Selling, general and administrative (“SG&A”) expense was $26.0 million in the second quarter of 2022, or 26.6% of net sales, compared to $27.3 million in the second quarter of 2021, or 20.4% of net sales. The decrease in SG&A expense was primarily related to a reduction in acquisition expenses of $8.4 million, partially offset by higher depreciation, depletion and amortization expenses of $4.7 million. Adjusted SG&A(1)(2) increased to $15.9 million or 16.3% of net sales in the second quarter of 2022, compared to $14.0 million or 10.5% of net sales in the prior year period. The increase in Adjusted SG&A(1)(2) primarily relates to increases in compensation costs, facility costs, and insurance expenses. The added costs were largely the result of our distribution center expansions and the five acquisitions completed in 2021.
Net loss was $(203.3) million, or $(4.53) per diluted share, in the second quarter of 2022, compared to a net income of $2.3 million, or $0.05 per diluted share in the second quarter of 2021. Net loss for the second quarter of 2022 included a non-cash expense of $189.6 million in goodwill impairment and $10.2 million in inventory reserve. Excluding impairment and certain other adjustments, but not adjusting for the inventory reserve, Adjusted Net Loss(1)(2) was $(8.4) million, or $(0.19) per diluted share, in the second quarter of 2022, compared to Adjusted Net Income(1)(2) of $12.9 million, or $0.31 per diluted share, in the second quarter of 2021.
Adjusted EBITDA(1)(2) was $(6.8) million, or (7.0)% of net sales, for the second quarter of 2022, compared to $16.2 million, or 12.1% of net sales, in the second quarter of 2021. The decrease in Adjusted EBITDA(1)(2) was primarily related to lower gross profit due to a decline in net sales and an additional inventory reserve of $10.2 million.
Balance Sheet and Liquidity
As of June 30, 2022, the Company had $27.4 million in cash, cash equivalents and restricted cash, an aggregate principal amount of debt outstanding of $126.7 million (including $0 drawn on the Company’s revolving credit facility, approximately $124.4 million in principal balance on its Term Loan and approximately $2.4 million in finance leases and other debt), $15.3 million in contingent payments (composed of an earn-out on the 2021 Aurora acquisition which was subsequently paid out in July 2022) and approximately $70 million of available borrowing capacity under its revolving credit agreement. The Company decreased its net debt by approximately $14.1 million during the second quarter by improving its working capital position and controlling costs. The Company was in compliance with all debt covenants as of June 30, 2022.
Full Year 2022 Outlook
The Company is reiterating its full year 2022 outlook, which was updated on August 2, 2022:
- Net sales of approximately $330 million to $347 million, which assumes similar sales levels to those experienced from late second quarter through July 2022 continue over the remaining months in the fiscal year, combined with some further reduction to account for holiday shortened months in the fourth quarter.

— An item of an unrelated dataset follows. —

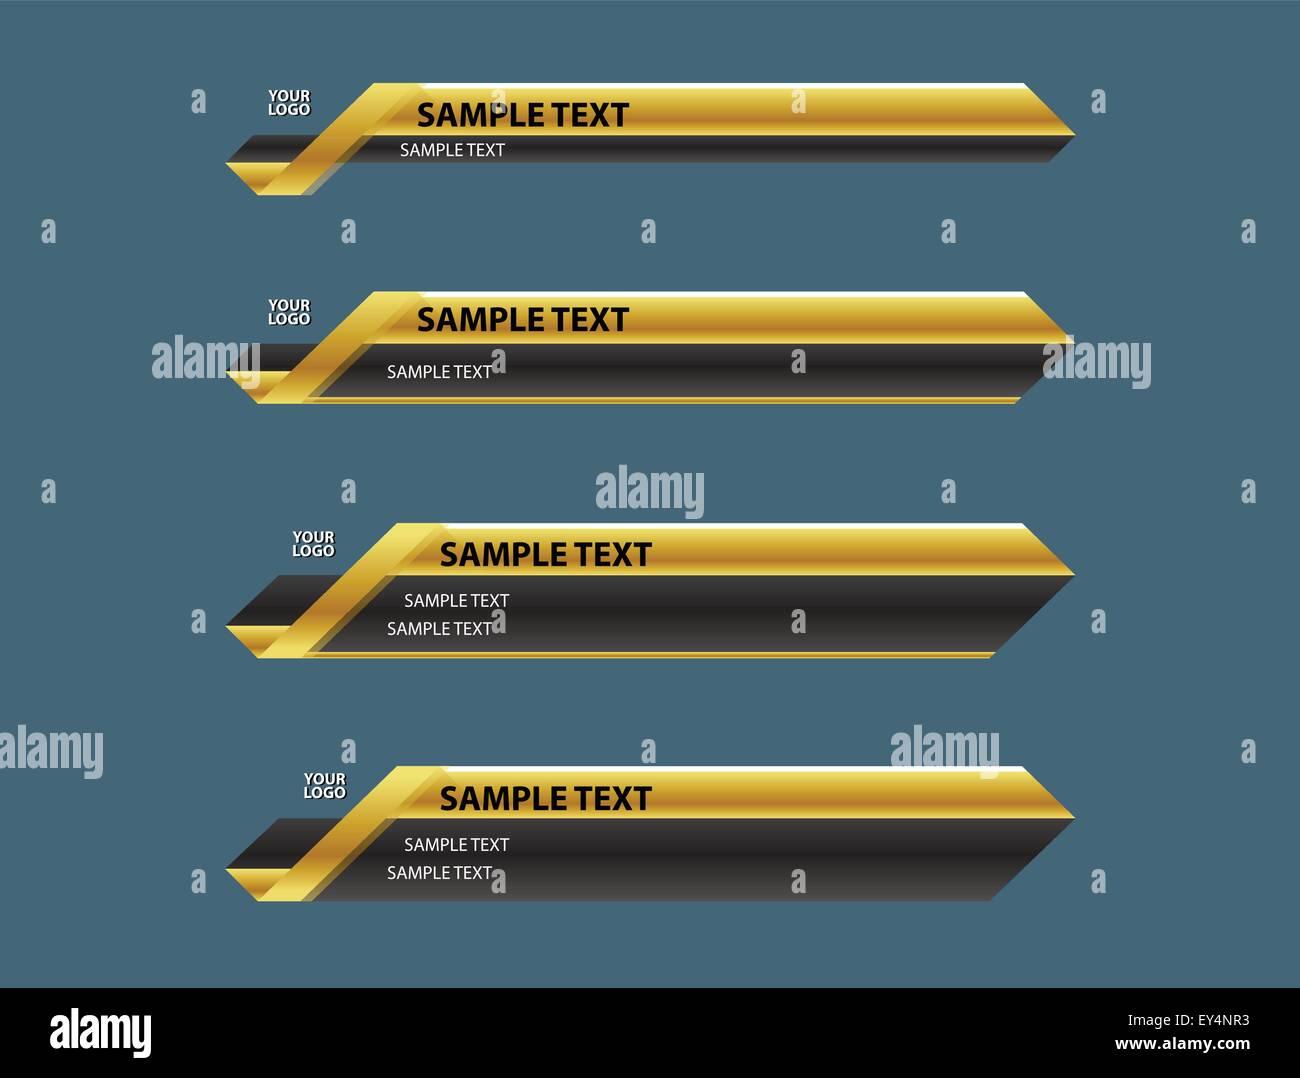 lower third banner bar name screen tv stock vector art

- Adjusted EBITDA(1)(2), which is impacted by $13.4 million of inventory reserves in the year-to-date period, of $(25) million to $(16) million, which assumes no further material increase in the amount of inventory or accounts receivable reserves.
The Company’s 2022 outlook includes the following updated assumptions:
- Capital expenditures of approximately $7.5 million to $9.0 million; and
- An estimated tax expense between $0 and $2 million for the full year, excluding the large discrete tax benefit of approximately $12 million recognized in the first half of 2022.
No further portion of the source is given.